- _INFORMATION PROVIDED_:
'''

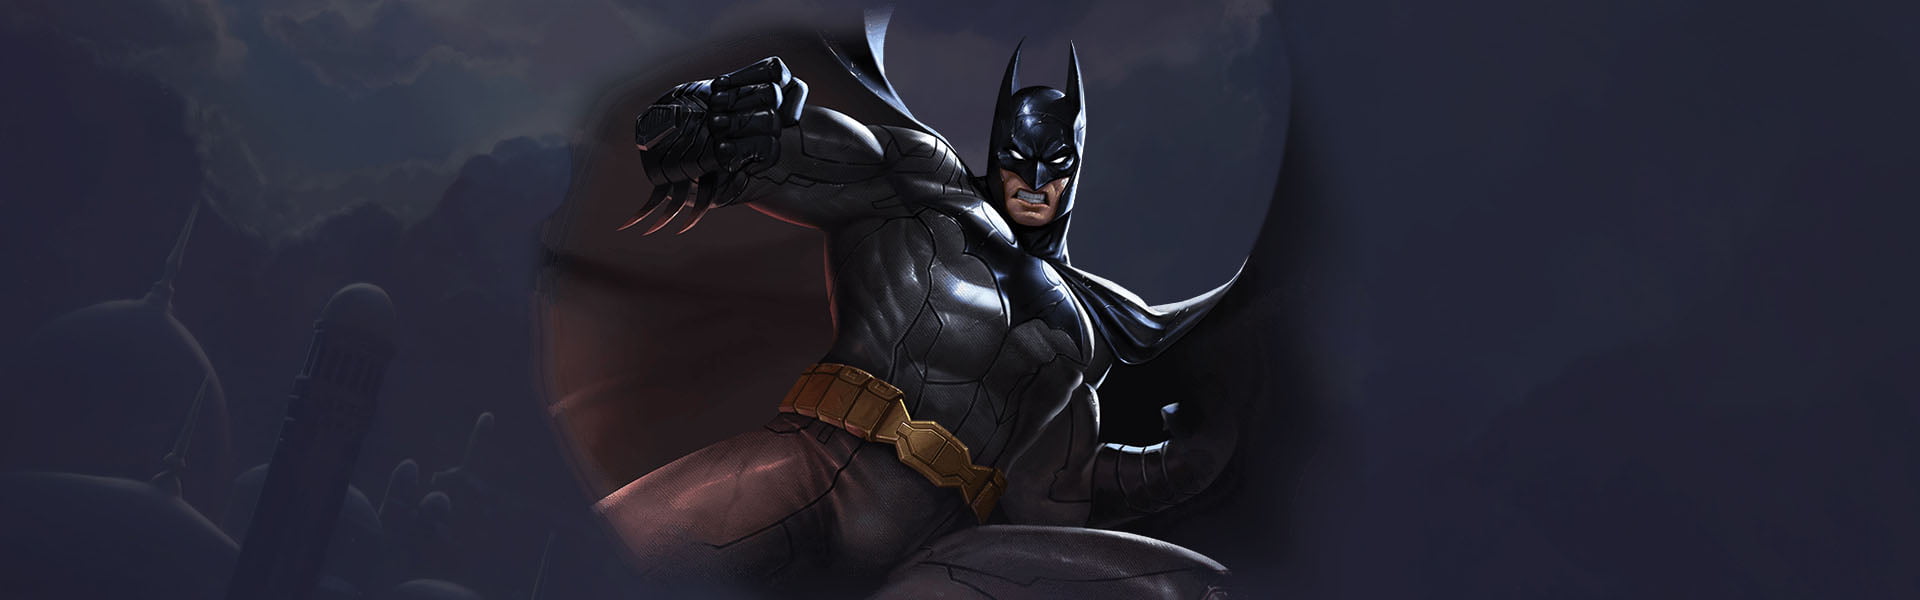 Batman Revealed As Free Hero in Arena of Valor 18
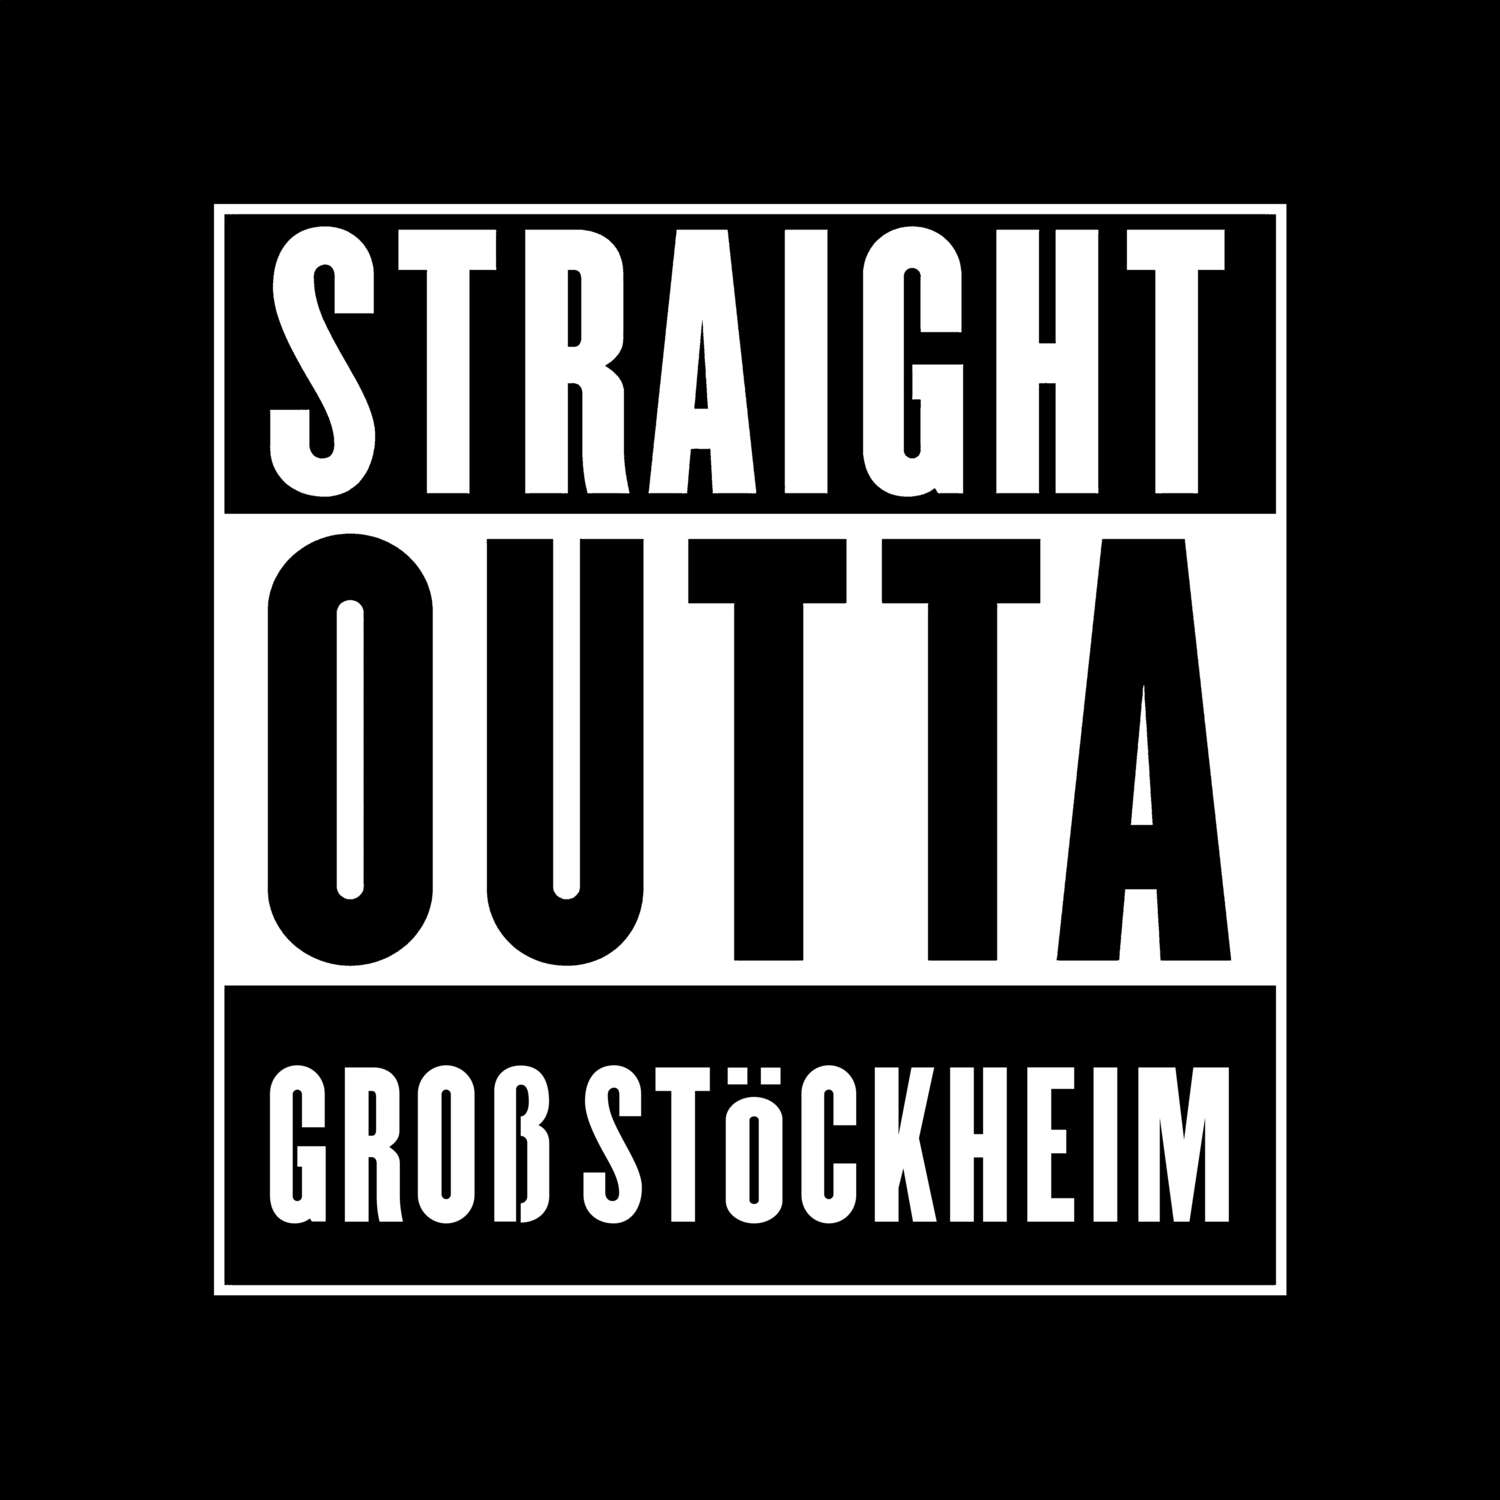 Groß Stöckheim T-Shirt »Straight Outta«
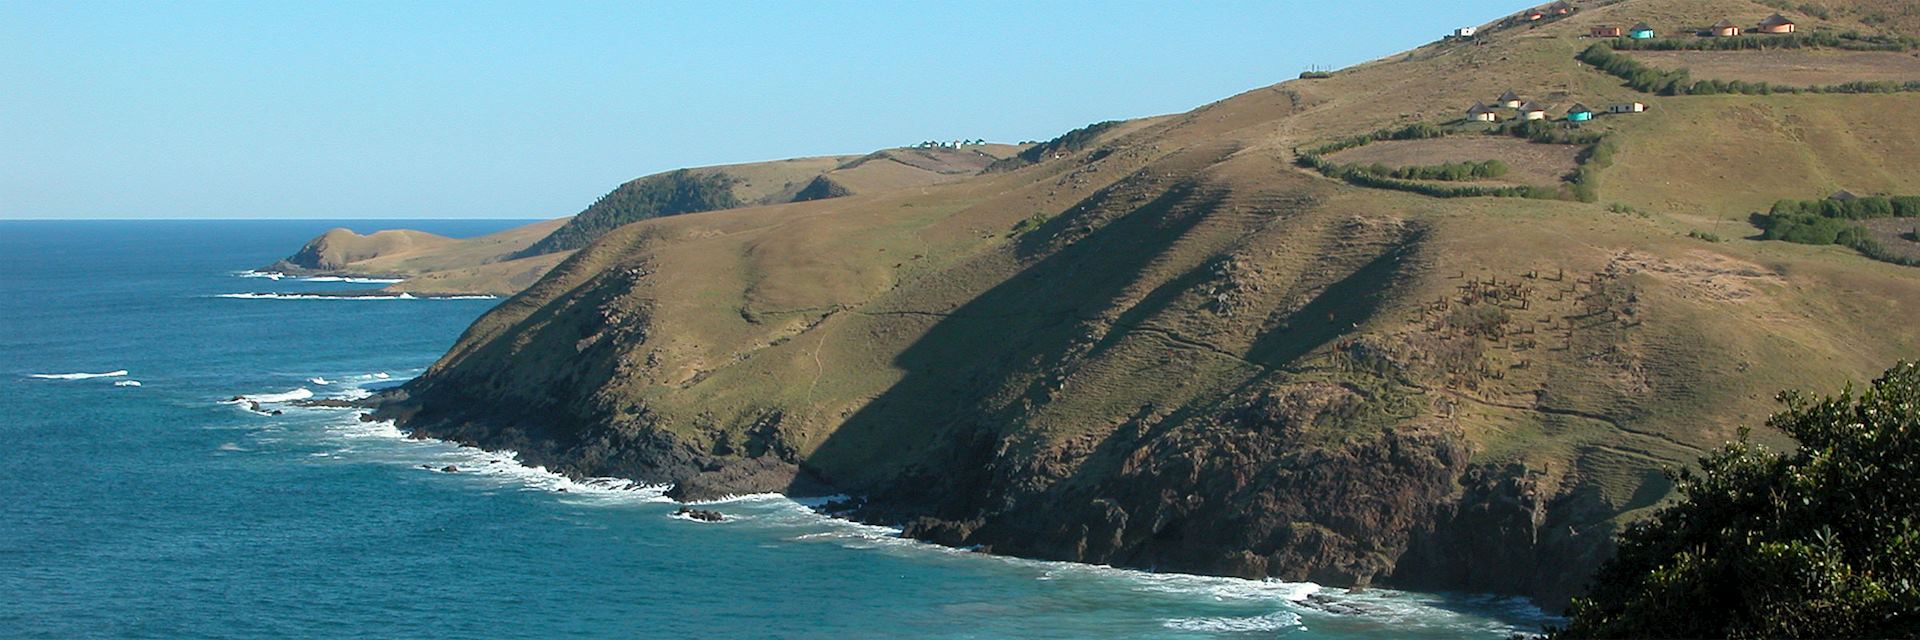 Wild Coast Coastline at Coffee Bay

'''

- _WHAT IS EXPECTED_: The material above must be printed exactly, with its pictures left out.

- _EXERCISE RESULT_:
 Batman Revealed As Free Hero in Arena of Valor 18
 Groß Stöckheim T-Shirt »Straight Outta«
 Wild Coast Coastline at Coffee Bay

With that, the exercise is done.